Prototype 2 Offers a Lot of Deity, Not a Lot of Definition.

“That is not the question,” he said. “If he’s like a cat or a spider or a fucking wolverine, if he’s huge, if he’s tiny, if he can shoot flames or ice or death rays of vat 69, if he turns into fire or water or stone or India rubber. He could be a Martian, he could be a ghost, he could be a god or a demon or a wizard or a monster. Okay?”

 “How? is not the question. What? is not the question,” Sammy said.

“The question is why.”

“The question is why.”

 -Michael Chabon “The Amazing Adventures of Kavalier and Clay”


The question is why.

For James Heller, the “hero” of Prototype 2, the reason is pretty clear. While he’s in Afghanistan, New York City is again besieged by the virus that ravaged its streets in the first game. His wife and daughter are killed by a bunch of mindless mutants a few days before his tour ends. Alex Mercer, again with the scare quotes, “hero” of the first game, is blamed for this outbreak, so Heller’s why is one of revenge: to kill Mercer whose only distinguishing features include a collection of hoodies, and a teenager’s love for annoying sarcasm.

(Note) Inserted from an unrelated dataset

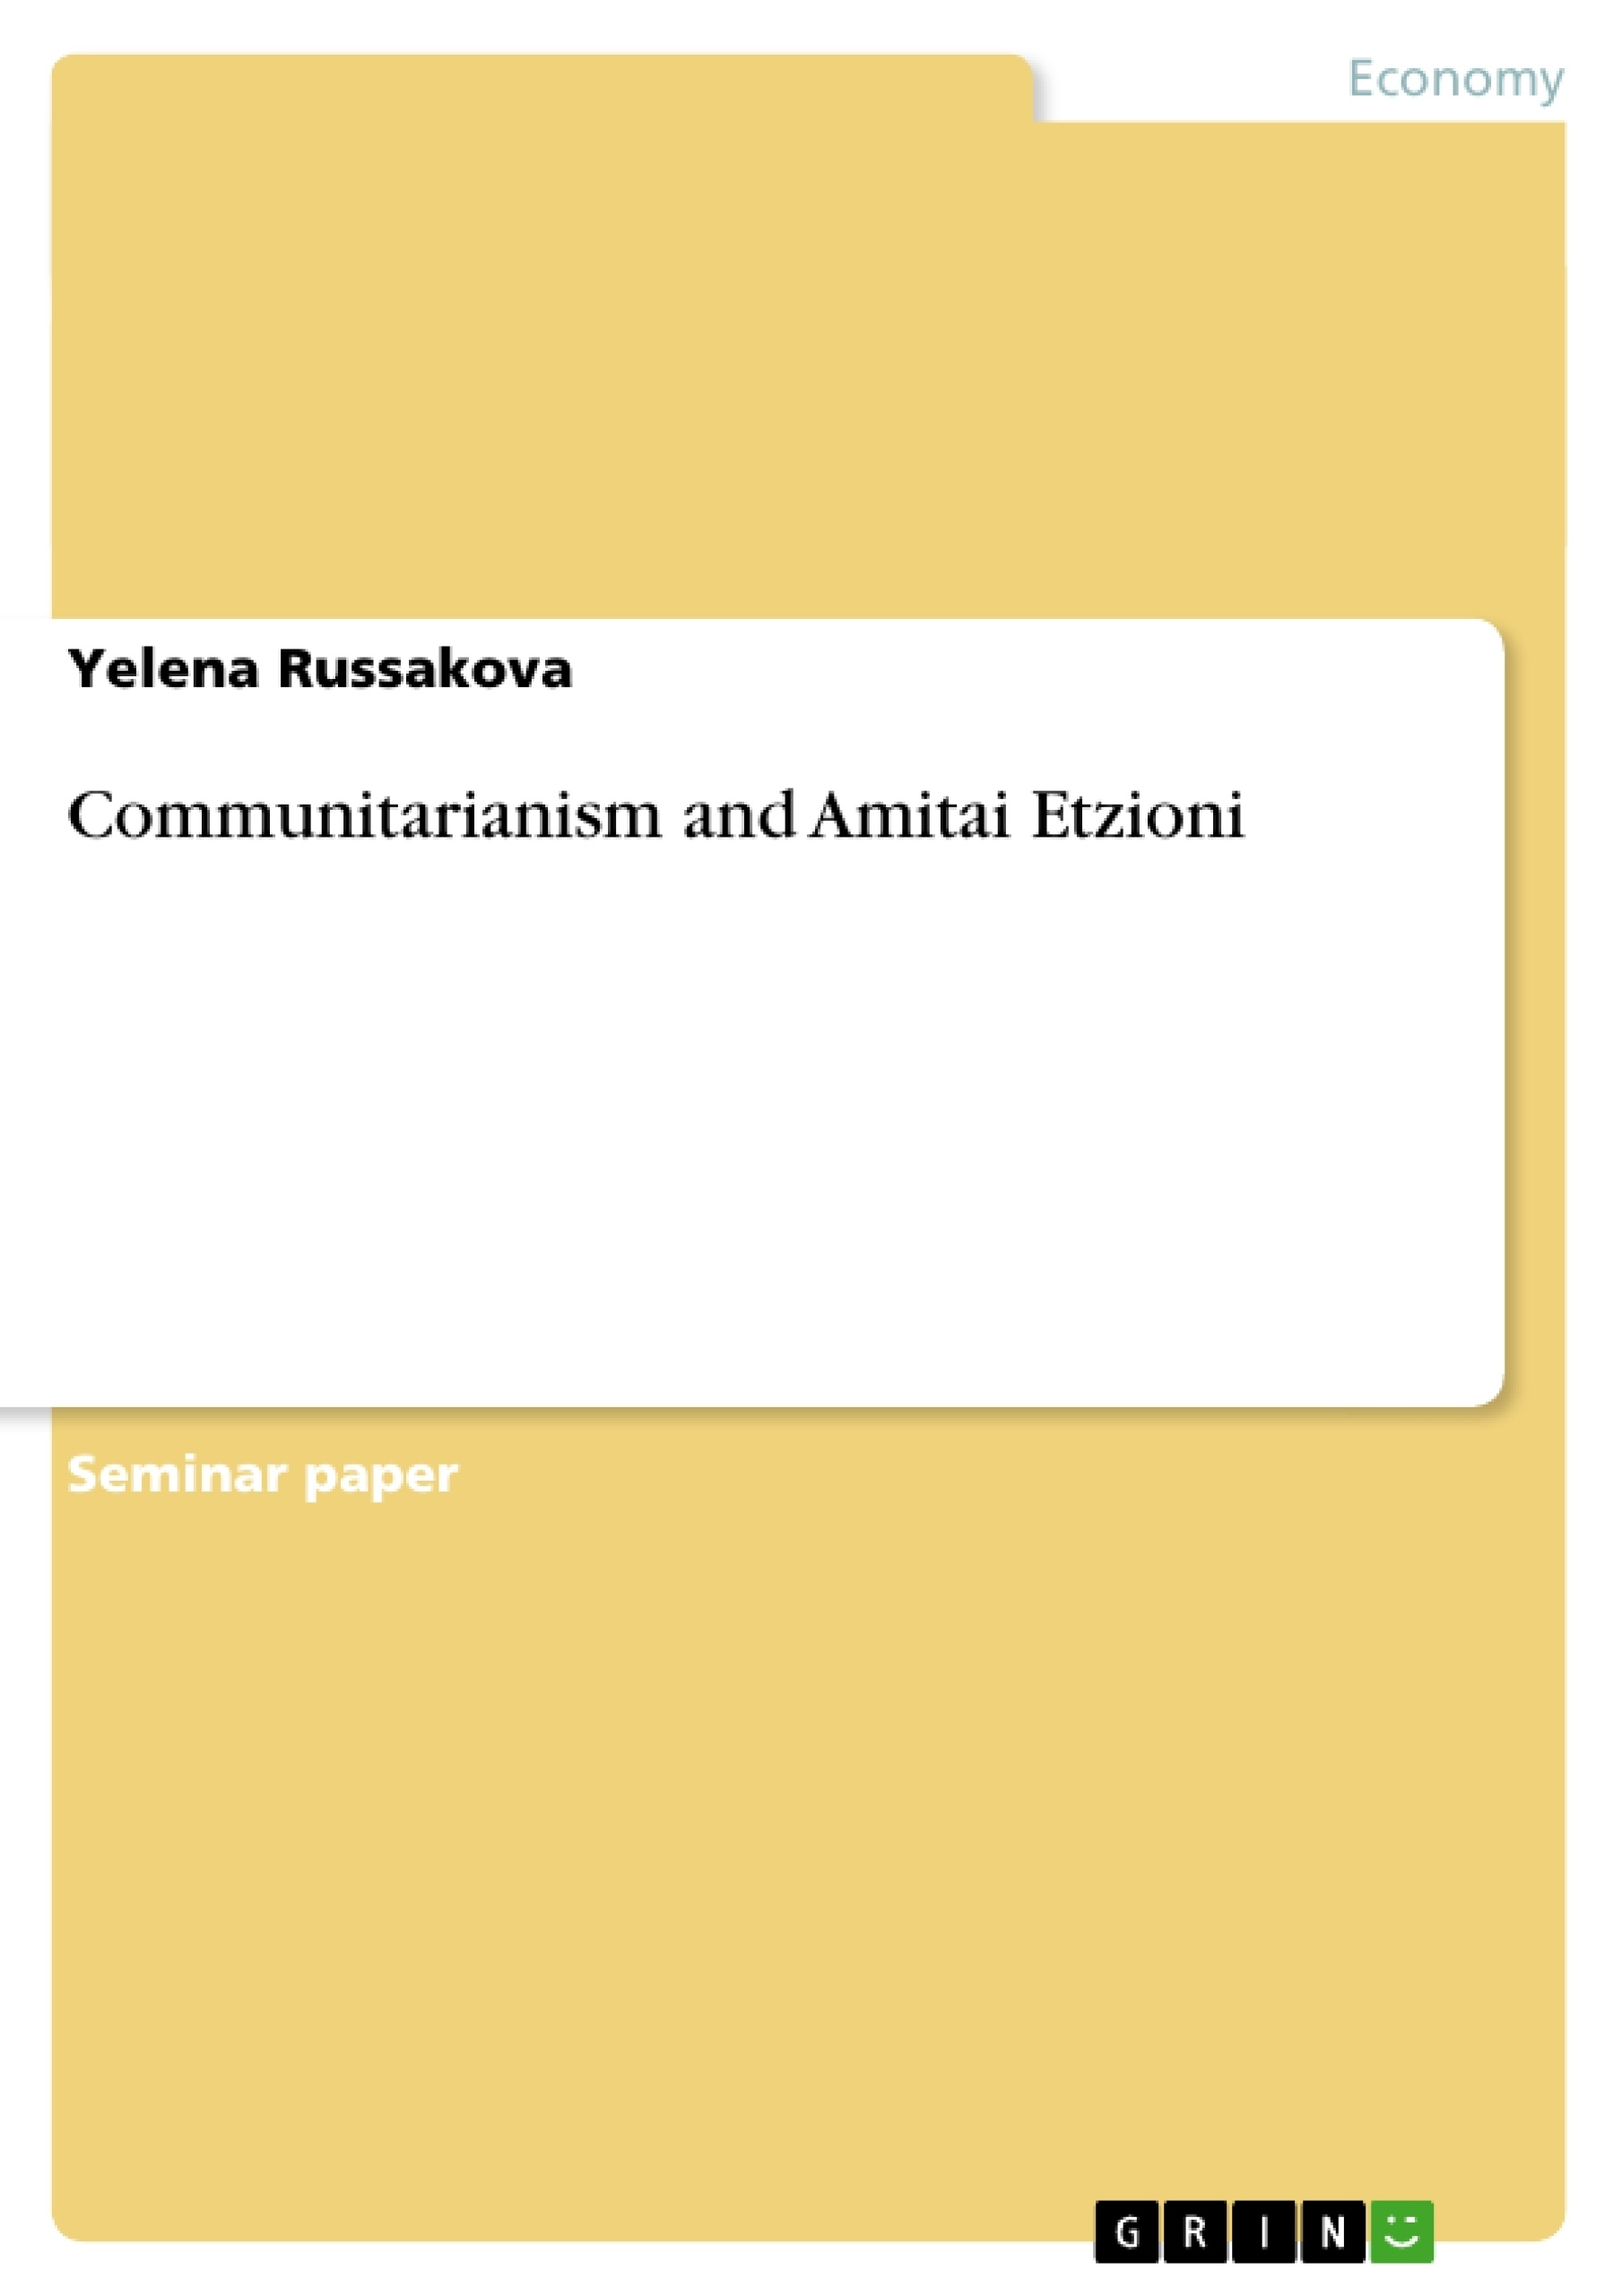 Title: Communitarianism and Amitai Etzioni

 This revenge motivation is supposed to be an excuse for everything Heller does in the game. For the superpowers Heller gains – to battle a super mutant he’s going to need to have his own set of super-mutant powers –  and for the carnage he inflicts upon the world. Heller is so blinded with rage about his loved ones that he’s perfectly willing to jump around the city murdering hundreds of enemy soldiers and civilians either intentionally, the player regains health via consuming people, or as collateral damage.

Now I’m asking why I’m playing this.

Wait, umm, wait, that sounds a tad problematic.

So, how do we justify that? If Heller goes on a killing spree, the villains, which also include the scientists and soldiers that make up the Military-Industrial funhouse “Blackwater,” must be evil enough to warrant this wide-scale destruction. They have to be evil in a way that seems unjustifiable, which unfortunately means being evil in a way that makes no practical sense. They have to be cartoon evil. (And just like this game, I’ve said “evil” so many times, it’s lost all meaning.) We see this in war games too: the Nazi villain is a staple because they represent somebody we can righteously hate. In Prototype 2 each new atrocity seems designed to outrage and shock. They have to run science experiments on people, bomb a church, and murder autistic kids for, like, no reason. Pains are taken to make them come off as THE BAD GUYS that I just stopped caring. 


Nothing in the writing on the game suggests any nuance; all we’re ever doing is going to X to do Y because Z told us to. One of Heller’s abilities is consuming the memories of his victims. Why doesn’t Heller just consume the CEO of Blackwater? Because the game would be ten minutes long. So, instead, we get drip fed targets as a deus ex machina to learn about more targets. At times it seems like the game is going down the tired route of the old Nietzsche saying cautioning against fighting monsters, lest you become one. Even that idea is only mentioned when villains are monologuing (“You know Heller, you and I aren’t that different.”). It becomes clear the more you play the game that the villains are just there and you’re given a carte blanche to fuck shit up, because, why the fuck not? This game is a nihilist. It believes in nothing, Lebowski. Nothing. 

Now I’m asking why I’m playing this.

The developers understand the joy in power fantasies – jumping around and moving through the city, whether through running up skyscrapers or gliding between building, is a pleasure that the game doesn’t indulge in enough. Instead we pound enemies with your mutant hammerfists or dismember the creatures that roam the streets limb by limb or impale enemies on your blade fist…things. There is no catharsis. This isn’t like the explosions that follow the carnage in Just Cause 2, another open world game about taking down a regime. Nor is there the “All the Greatest Hits” appeal of playing a licensed superhero game (Arkham Asylum, Spiderman 2: The Movie: The Game) that has years of thematic weight from another medium to coast off of. Prototype 2 offers streets filled with blood and the occasional chance to take down a helicopter. I’m afraid that isn’t enough for me anymore.